The concept, called Agile Combat Employment (ACE), has been in the works for more than a year and was primarily intended to be used in potential hotspots around the globe, such as the Indo- Pacific, Middle East or even Nato’s Eastern flanks in Europe. But Russia’s invasion of Ukraine and concerns of a subsequent war involving Nato have now seen ACE accelerated and extended to within the UK, senior sources have confirmed.
It will be the first time since Britain declared war on Germany in 1939 that the RAF has drawn up plans to disperse fighter aircraft to different parts of the country.
The aim is to ensure elements of the RAF’s Quick Reaction Force will survive direct attacks on their bases. Eurofighter Typhoons based at RAF Lossiemouth in Moray protect the northern sector of the UK, while those at RAF Coningsby in Lincolnshire look after the southern sector. However other combat jets and larger aircraft will also be re-based in times of “imminent crisis”.
A trial in September will see Typhoons and F-35s based in Norfolk, Lincolnshire and Scotland scattered in small groupings and based discreetly on the outskirts of a select number of regional airports which have runways able to accommodate them.
ACE will also be used another way, by ensuring that regional airports are equipped with enough fuel and supplies to allow fighter jets to land there and carry out quick “operational turnarounds” before taking off again.
The concept was first made public in December by Air Vice-Marshal Ian Duguid who, as commanding officer of No 1 Group, is responsible for coordinating air assets to defend the UK in times of crisis.
“It doesn’t necessarily mean overseas. It might be to move aircraft from a main operating base to an airfield that doesn’t normally host fast jets, C-l 7s or A400s,” he said.
“Over the past 30 years we have consolidated our main operating bases and reduced the number we have. While concentrating our forces is more efficient, it also provides potential vulnerabilities.”
“Under ACE, airfields such as St Mawgan – run by a commercial contractor – or Leuchars, which is retained as a diversionary airfield for Quick Reaction Alert forces, could host F-3Ss.
“We are also working with some of the commercial regional airports to see if, in times of crisis, we could utilise their airfields or use them for refuelling and operational turnarounds.”

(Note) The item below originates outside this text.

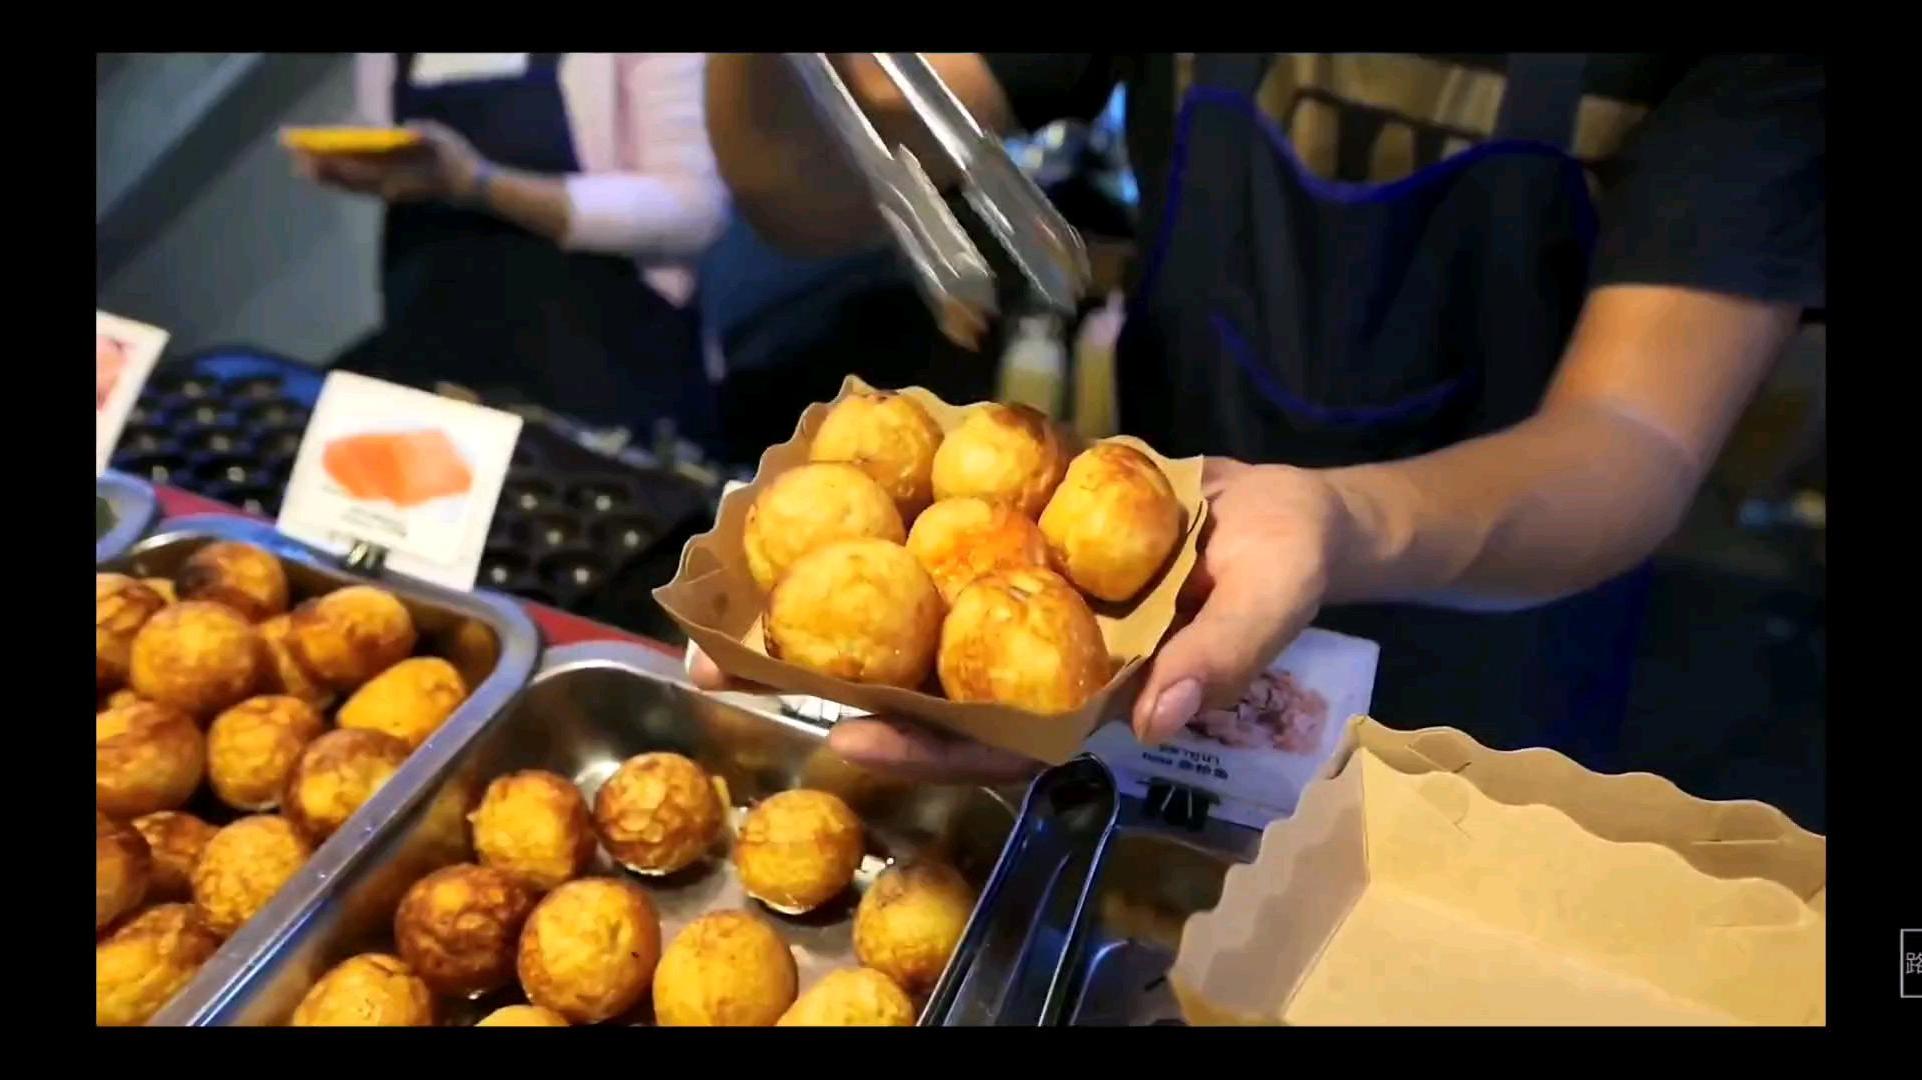 日本路边小吃街头食品-章鱼球

MOD civil servants have spent the last year visiting a selection of regional airports to ascertain how many aircraft and back-up facilities, plus ground crews, could be accommodated in an emergency.
Though battlefield turnarounds were commonly used in Iraq and Afghanistan, where RAF Chinooks or even army tankers would deliver aviation fuel to far-flung corners of the desert, the concept of temporary basing has required more planning to ensure that necessary apparatus will be in place before they are used.
According to sources, negotiations have been “complex” and have involved financial inducements to private airport operators.
“The reality is that precision weapons with the right amount of warhead can successfully target and destroy hardened aircraft shelters. We saw this in the first Gulf War. So effectively, they act as targets,” said former Air Commodore Andrew Lambert.
“Just after 9-11 When I was in Norway we examined the idea of deploying F-16s at local airports
“Deploying fast jets and other types of aircraft to regional airports makes sense because it makes the problem of targeting these aircraft more difficult.”